Запутанность, которая впоследствии могла произойти от этих отношений в высших слоях общества при уничтожении мелких княжеств и слиянии их в одно правительственное устройство, была случайная и имела основание свое, как кажется, в причинах посторонних, являясь не как необходимое развитие, но уже как некоторое уклонение от правильного развития основного духа всей русской государственности. Впрочем, во всяком случае это особенное, совершенно отличное от Запада, положение, в котором человек понимал себя относительно поземельной собственности, должно было находиться в связи со всею совокупностью его общественных и общежительных и нравственных отношений.
Потому общежительные отношения русских были также отличны от западных. Я не говорю о различии некоторых частных форм, которые можно почитать несущественными случайностями народной особенности. Но самый характер народных обычаев, самый смысл общественных отношений и частных нравов был совсем иной.
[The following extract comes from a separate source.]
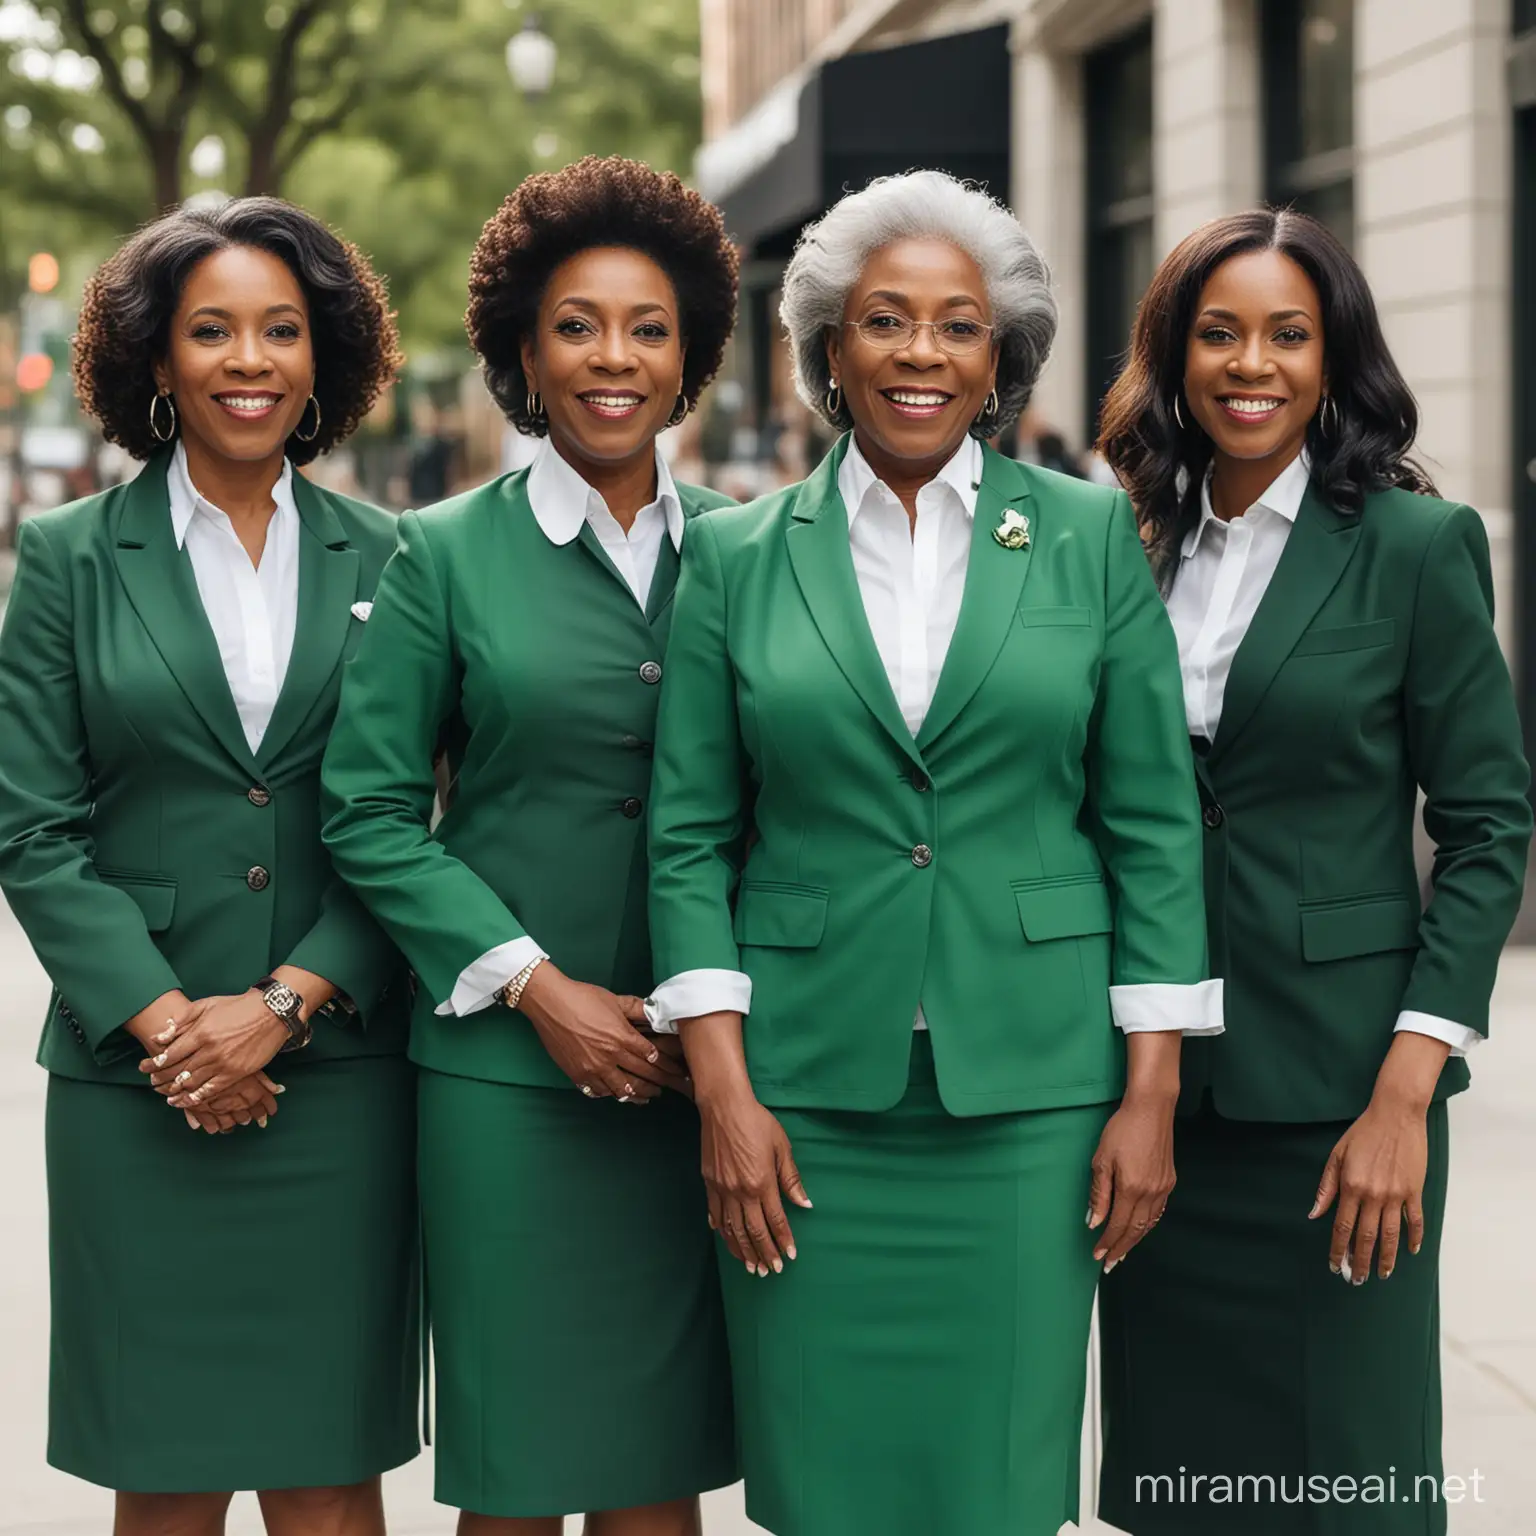 Older black women wearing emerald green and white professional attire.

Западный человек раздробляет свою жизнь на отдельные стремления и хотя связывает их рассудком в один общий план, однако же в каждую минуту жизни является как иной человек. В одном углу его сердца живет чувство религиозное, которое он употребляет при упражнениях благочестия; в другом — отдельно — силы разума и усилия житейских занятий; в третьем — стремления к чувственным утехам; в четвертом — нравственно-семейное чувство; в пятом — стремление к личной корысти; в шестом — стремление к наслаждениям изящно-искусственным; и каждое из частных стремлений подразделяется еще на разные виды, сопровождаемые особыми состояниями души, которые все являются разрозненно одно от другого и связываются только отвлеченным рассудочным воспоминанием. Западный человек легко мог поутру молиться с горячим, напряженным, изумительным усердием; потом отдохнуть от усердия, забыв молитву и упражняя другие силы в работе; потом отдохнуть от работы, не только физически, но и нравственно, забывая ее сухие занятия за смехом и звоном застольных песен; потом забыть весь день и всю жизнь в мечтательном наслаждении искусственного зрелища. На другой день ему легко было опять снова начать оборачивать то же колесо своей наружно правильной жизни.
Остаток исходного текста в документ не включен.